The Corner

Mia Love Talks Fundraising, Press

Mia Love is on the cusp of becoming a household name. If she wins her congressional race for Utah’s fourth district, she’ll be the first black female Republican in Congress. And her speech at the convention yesterday — interrupted by chants of “USA! USA!” and “We built that!” — made her Google’s fastest-rising search term, according to the Hill. It helped her campaign with much-needed cash, too; her website reports that more than $125,000 poured into her campaign coffers afterwards, especially important given that her incumbent opponent has more than $1 million in his war chest.  

“Fundraising is going great,” she told National Review Online today. “We always could use more. We’ve got a lot of groups that are coming in to help Jim Matheson because I pose a little bit of a threat.”

She credits her conservatism to her parents, immigrants from Haiti. 

“They worked hard, they didn’t look to Washington,” she said. “When times got tough, they tightened their belts, they cut their spending, they lived within their means.
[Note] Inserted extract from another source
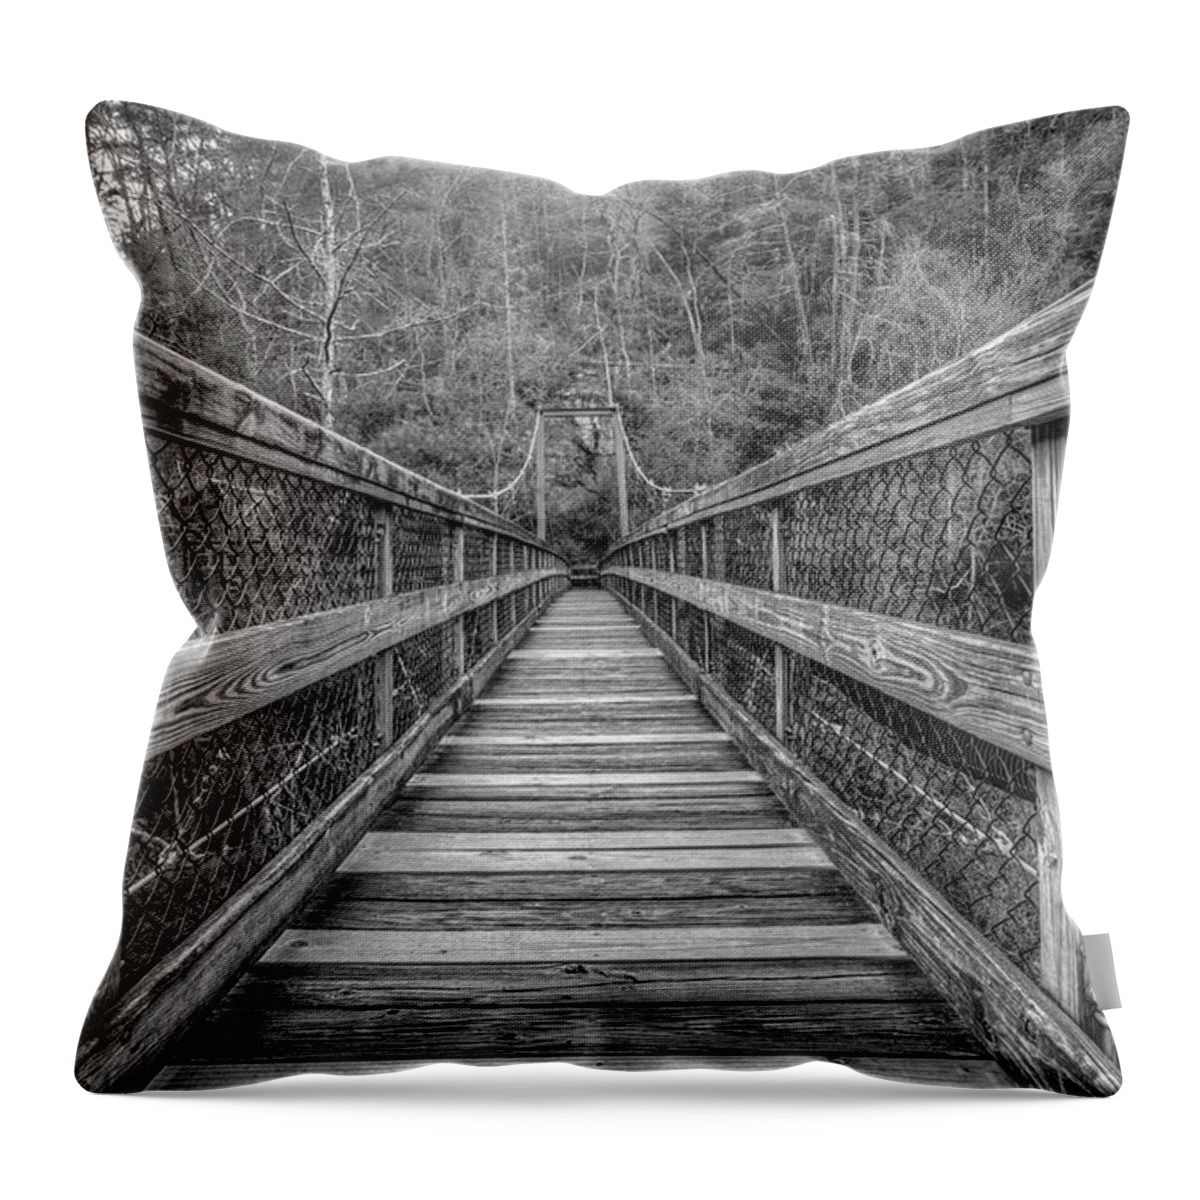 Tallulah Falls Bridge Throw Pillow featuring the photograph Infinity by Anna Rumiantseva

And so those are the principles I grew up with, and I’m a product of that.”

And she told NR that female and minority Republicans often face heightened press scrutiny.

“Am I surprised by it?” she said. “No. I think that that’s exactly what the current administration fosters — they foster divisiveness. They’re trying to divide us based on social status, income level, and gender. And I think it’s time for us to say we’re not standing for it any longer.”